1585年(天正13)3~4月,豊臣秀吉が行った根来(ねごろ)衆・雑賀(さいか)衆の討伐戦。3月21日,秀吉小牧長久手の戦で徳川家康と結んだ根来衆雑賀衆を討つため大坂城を出陣。千石堀・畠中・積善寺・沢城などを攻略後,23日には根来寺(和歌山県岩出市)に入るが,寺は出火によって全山焦土となった。24日,雑賀に入って一揆の棟梁土橋氏を攻め,25日には千石秀久・中村一氏が紀伊奥郡まで平定。4月22日,太田党がたてこもる太田城(和歌山市)を水攻めで陥落させ,この間4月10日には金剛峰寺を服従させた。紀伊は弟秀長の領地となる。これによって秀吉は本拠地大坂の前後を固め,また中世以来の寺院勢力に対して近世的支配を展開することになる。

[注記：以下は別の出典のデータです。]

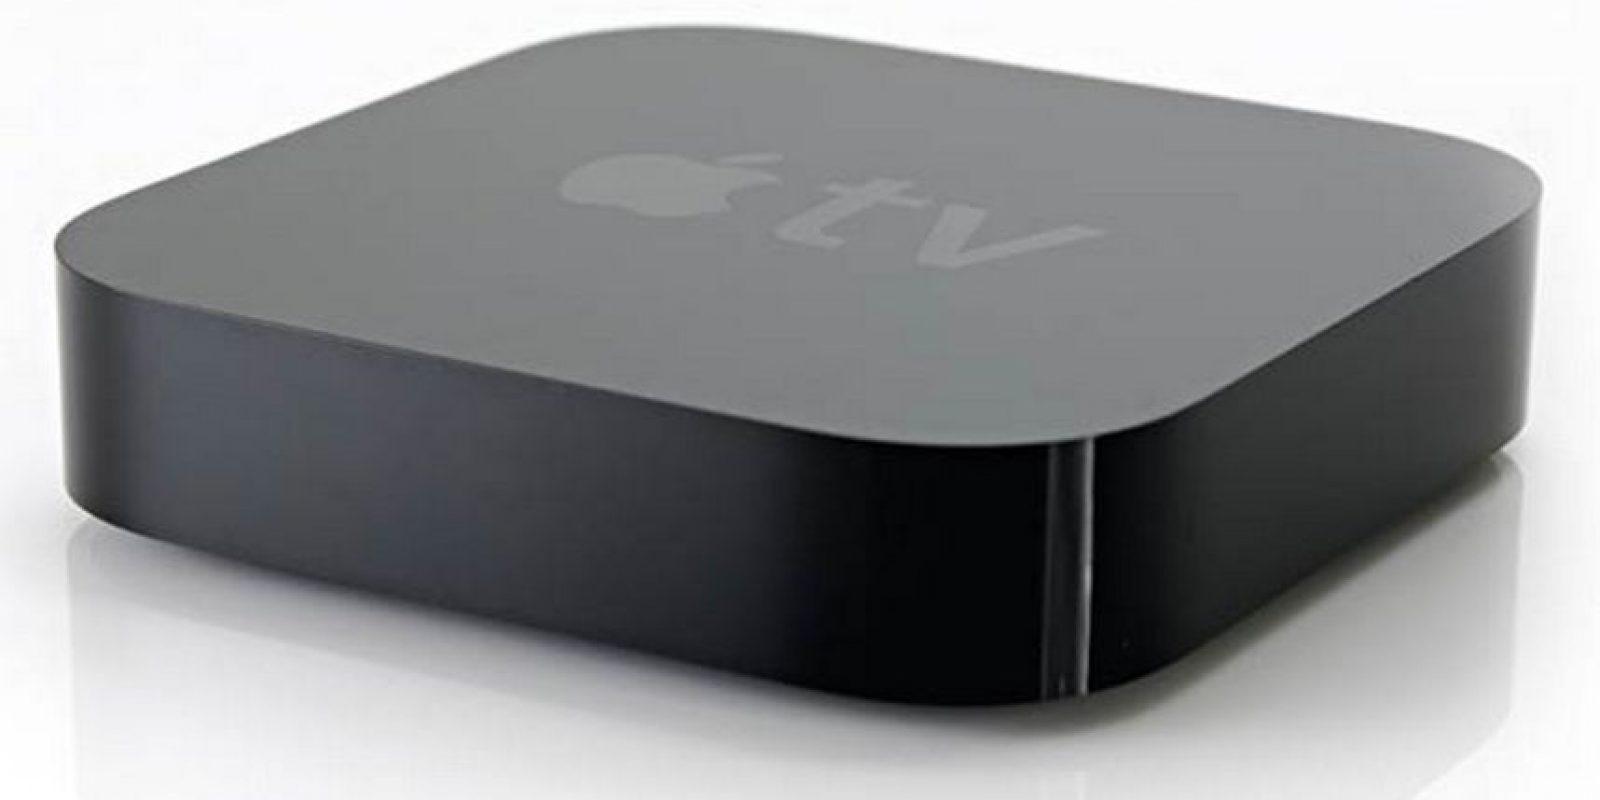 Televisión de paga. Existen varias opciones de entretenimiento en la TV, entre las más populares se encuentran Apple TV, Netflix, Hulu o Amazon Instant. Foto:Apple

出典 山川出版社「山川 日本史小辞典 改訂新版」山川 日本史小辞典 改訂新版について 情報

世界大百科事典(旧版)内の紀州攻めの言及

【紀伊国】より

…なお根来衆と雑賀衆はいち早く鉄砲を導入した強力な戦闘集団としても著名である。かくて戦国時代の紀伊国には,畠山氏の分裂もあって,一国を統率するだけの有力者が台頭せず,新旧の地域的諸集団が同盟と抗争をくり返す状態が続き,国内の統一は織田信長や豊臣秀吉の紀州攻めを待たねばならなかった。【小山 靖憲】
【近世】

[支配の変遷]
 近世的な統一勢力の動きは織田信長の雑賀攻めころからみられる。…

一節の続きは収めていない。